🤖 AI Summary
Trajectory optimization (TO) models achieve strong performance in offline reinforcement learning, yet their robustness against backdoor attacks remains unexplored. Existing reward-manipulation-based backdoor attacks fail against TO models due to their inherent sequential modeling structure, while the high-dimensional action space renders action-level attacks particularly challenging. This paper proposes the first action-level backdoor attack tailored to TO models: it directly embeds a stealthy trigger-to-target action mapping in the action space. The attack employs alternating training to strengthen the trigger–action association, combined with trajectory filtering and batch-wise poisoning to enhance both stealthiness and consistency.
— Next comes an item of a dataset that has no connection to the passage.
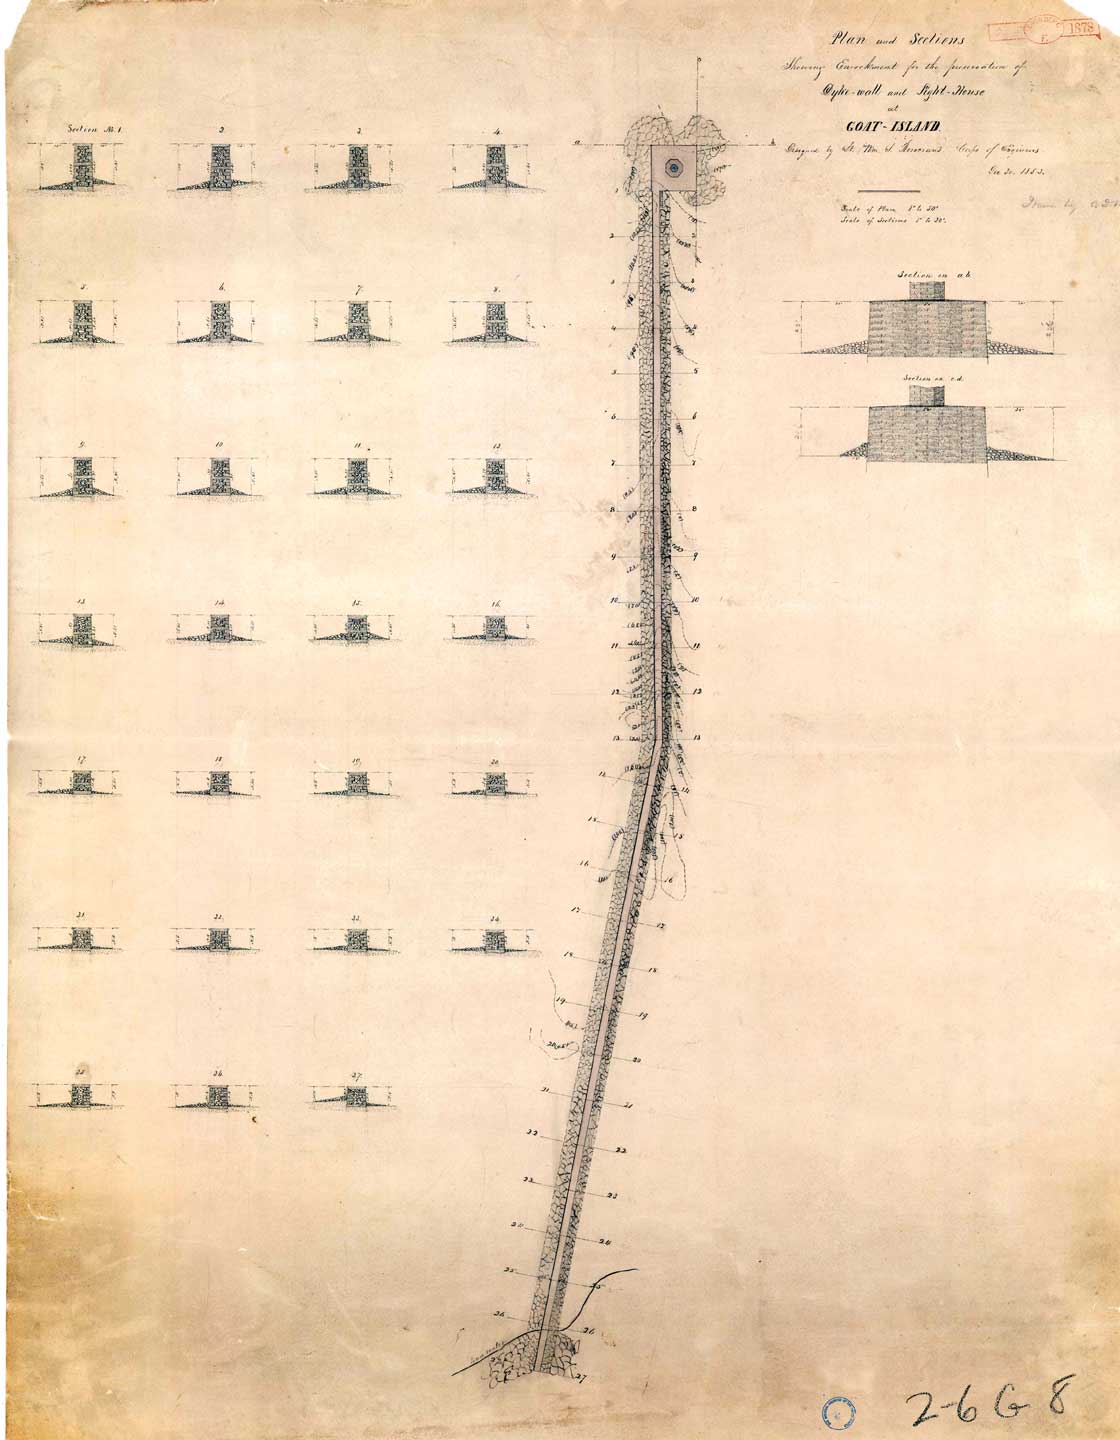  1852 Plan and Sections Showing Enrockment Dyke Wall and Lighthouse at Goat Island

Experiments demonstrate that, under a stringent 0.3% trajectory poisoning budget, the method achieves high attack success rates across diverse TO architectures—including Decision Transformer (DT), Goal-Conditioned DT (GDT), and Diffusion-Control (DC)—while preserving near-original performance on clean tasks.
📝 Abstract
Recent advances in Trajectory Optimization (TO) models have achieved remarkable success in offline reinforcement learning. However, their vulnerabilities against backdoor attacks are poorly understood. We find that existing backdoor attacks in reinforcement learning are based on reward manipulation, which are largely ineffective against the TO model due to its inherent sequence modeling nature. Moreover, the complexities introduced by high-dimensional action spaces further compound the challenge of action manipulation. To address these gaps, we propose TrojanTO, the first action-level backdoor attack against TO models. TrojanTO employs alternating training to enhance the connection between triggers and target actions for attack effectiveness. To improve attack stealth, it utilizes precise poisoning via trajectory filtering for normal performance and batch poisoning for trigger consistency. Extensive evaluations demonstrate that TrojanTO effectively implants backdoor attacks across diverse tasks and attack objectives with a low attack budget (0.3% of trajectories). Furthermore, TrojanTO exhibits broad applicability to DT, GDT, and DC, underscoring its scalability across diverse TO model architectures.